Montco’s only 24/7 shelter for single adults struggles with a housing crisis of its own
Coordinated Homeless Outreach Center’s lease ends in July, as Norristown plans to use the land for revitalization efforts. Finding a new space is tough.
Montgomery County’s only year-round, 24/7 homeless shelter for single adults 18 years and older, the Coordinated Homeless Outreach Center in Norristown, is struggling to find its new home.
CHOC serves about 50 people at a time, from every corner of the county, for an average of 60 to 90 days each. It aims to help them transition into long-term housing and provides a range of services such as drug and alcohol counseling, connects people to outside community resources, and assists in small yet tedious tasks like getting a driver’s license.

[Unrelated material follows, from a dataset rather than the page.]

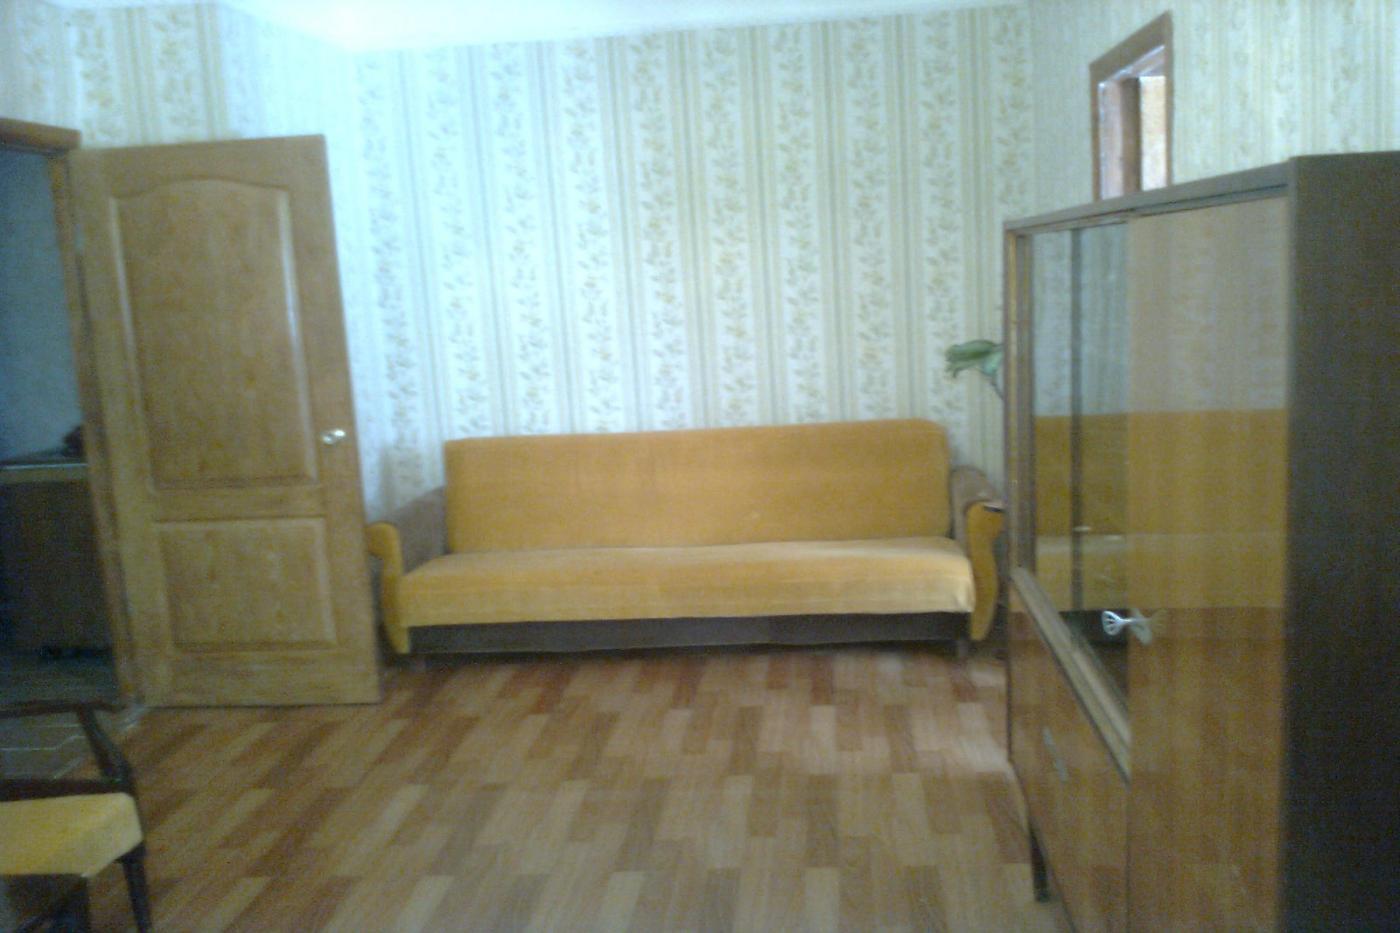 2-комнатная квартира посуточно (вариант № 2427), ул. Ефремова улица, фото № 4

The shelter’s lease is slated to end in July. Norristown is set to convey a 68-acre portion of the property, land that will be used for redevelopment of some kind, a piece of the municipality’s larger revitalization plans.
If CHOC doesn’t find a new space, it could be devastating for those the shelter serves, said Kayleigh Silver, administrator for Your Way Home, a crisis housing response agency working in partnership with the Montgomery County Office of Housing and Community Development.

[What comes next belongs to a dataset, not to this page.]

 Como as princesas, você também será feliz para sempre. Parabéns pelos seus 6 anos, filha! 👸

“I’m too worried, if we lose the CHOC, that would be really dire,” said Silver. “A limited resource is then cut off even more … It would be a time of crisis.”

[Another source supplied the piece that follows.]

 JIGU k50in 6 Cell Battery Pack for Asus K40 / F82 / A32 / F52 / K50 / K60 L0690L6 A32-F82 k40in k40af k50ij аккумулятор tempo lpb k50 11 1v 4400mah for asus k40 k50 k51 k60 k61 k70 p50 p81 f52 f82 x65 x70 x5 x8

CHOC executives and Your Way Home have been scouting new locations since March 2019, but haven’t found one yet. Owen Camuso, regional director of the nonprofit Resources for Human Development, said he has “significant concerns” about finding a new space.
“That’s something that keeps me up at night,” said Camuso.
The upside of finding a new space is that CHOC can reimagine a new kind of shelter. It plans to find a building big enough that each individual can have an “efficiency apartment” type of space, with its own bedroom and bathroom — compared to one big room with 50 cots, for instance.
Such private rooms offer people more “dignity and respect,” said Camuso.
The biggest roadblocks to finding that new space for CHOC, according to Camuso and Silver, are “NIMBY-ism” paired with stigma against people without housing.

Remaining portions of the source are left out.